Multiscale reduced-order modeling of fused filament fabricated composites

TL;DR

This paper develops a multiscale reduced-order model to analyze the impact of voids and layer orientations on the mechanical performance of fused filament fabricated PC/SCF composites, aiding in design optimization.

Contribution

It introduces a mechanistic reduced-order modeling approach to evaluate multiscale defects and their effects in additive manufacturing composites.

Findings

Microscale voids interact with mesoscale voids, degrading mechanical response.

Layer orientations influence stress-strain behavior and performance.

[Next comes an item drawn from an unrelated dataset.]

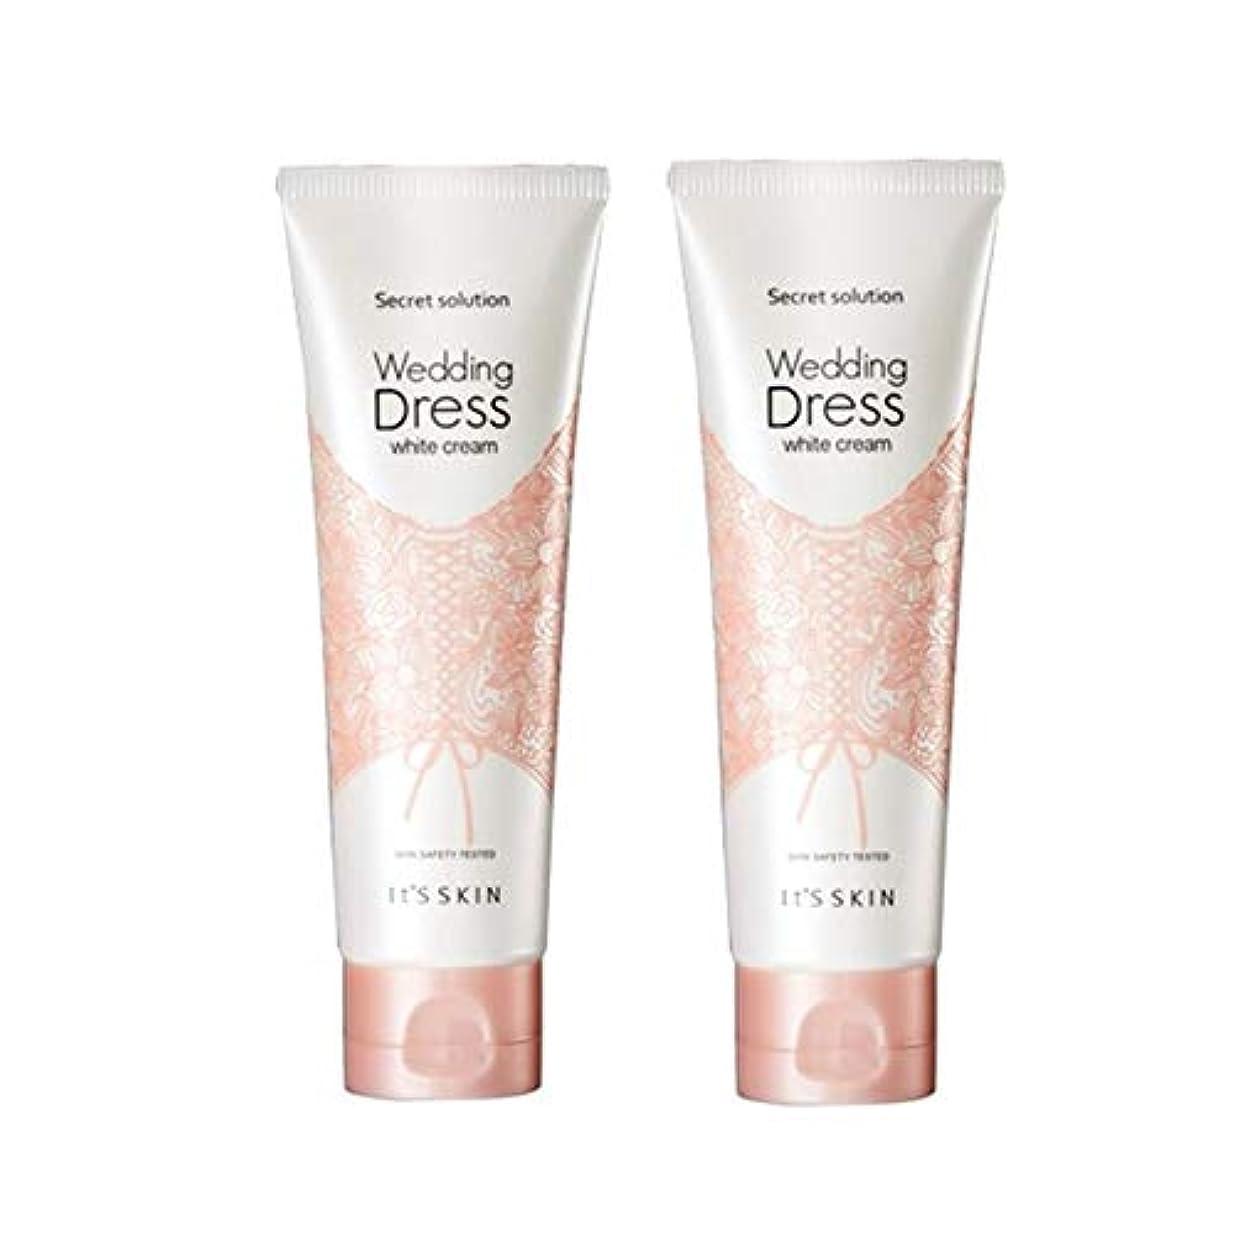 イッツスキンのシークレット?ソリューションウェディングドレス?ホワイトクリーム100mlx 2本セット、It's Skin Secret Solution Wedding Dress White Cream 100ml...

The modeling approach enables efficient evaluation of multiscale design factors.

Abstract

Defects such as voids are observed at multiple length scales of an additively manufactured composite material. Modeling such defects and their multiscale interaction is crucial for the materials performance prediction. In this work, we study as-built defects in fused filament fabricated Polycarbonate/Short Carbon Fiber (PC/SCF) composite samples. The microscale and mesoscale voids along with the mesoscale layer orientations have been studied using a mechanistic reduced-order model. Our result indicates that the microscale intrabead voids interact with the mesoscale interbead voids and significantly degrade the mechanical response of the printed composites compared to the microscale microstructure without voids. The mesoscale layer orientations also influence the stress-strain response and show better performance when the load is applied to the bead direction. The efficient reduced-order modeling approach used in this work provides a way to evaluate multiscale design aspects of additively manufactured composite materials.